Archie Cross

Personal information
- Full name: Arthur George Cross
- Date of birth: 1880
- Place of birth: Dartford, Kent, England
- Date of death: After 1910
- Position: Right back

Senior career*
- Years: Team / Apps / (Gls)
- –1900: Dartford
- 1900–1910: Woolwich Arsenal / 132 / (0)
- 1910–????: Dartford

= Archie Cross =

English footballer

Arthur George "Archie" Cross (1880 – after 1909) was an English footballer.

Cross was born in Dartford, Kent and started his career at Dartford F.C., before joining nearby Woolwich Arsenal in April 1900. A right back, he was initially the understudy to Duncan McNichol, but made his debut in a 1–1 draw with Blackpool on 6 October 1900. After playing just three games in 1900–01, he played in fifteen of Arsenal's first nineteen games of 1901–02, before losing his place again to McNichol. After another season as backup, he finally won a regular place in the side in 1903–04, during which Arsenal won promotion to the First Division for the first time in their history.

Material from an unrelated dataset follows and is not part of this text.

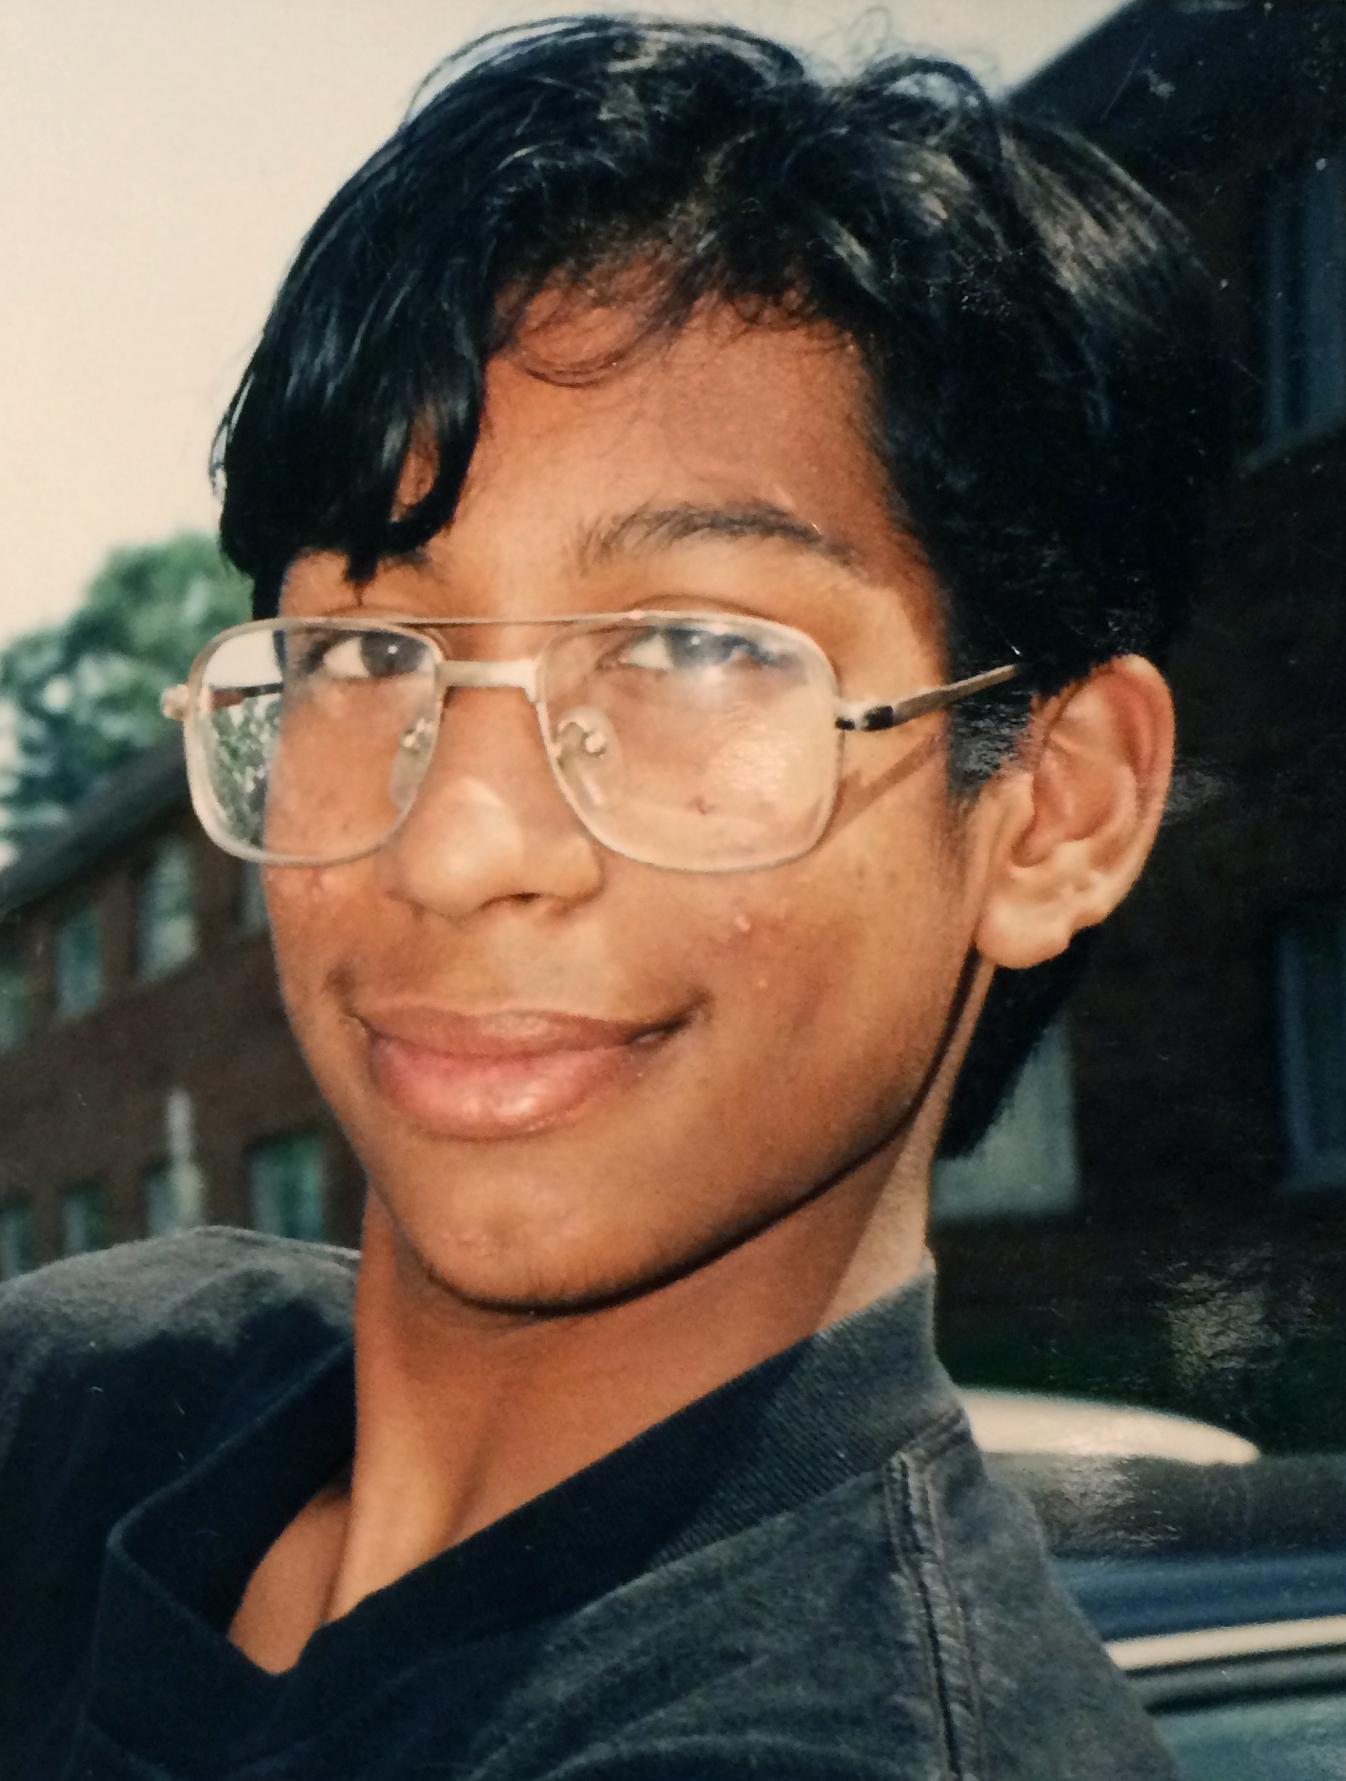 247 - Hrishi Hirway - teen.jpg

However, after Arsenal were promoted they signed his namesake Archie Gray, and Gray was included in the Arsenal side at the expense of Cross, who only played in just over a third of Arsenal's matches in their first three seasons in the top flight. In 1907 he switched sides to left back but was mainly use in the position as cover for the first-choice left back, Joe Shaw. Despite being only a reserve for much of his latter career, he was picked for an England trial in 1906, but never made it to the senior side. Cross left Woolwich Arsenal in 1910, with 149 appearances in league and cup to his name, although he never scored for the Reds. After leaving Arsenal, he saw out his career with a second spell at Dartford.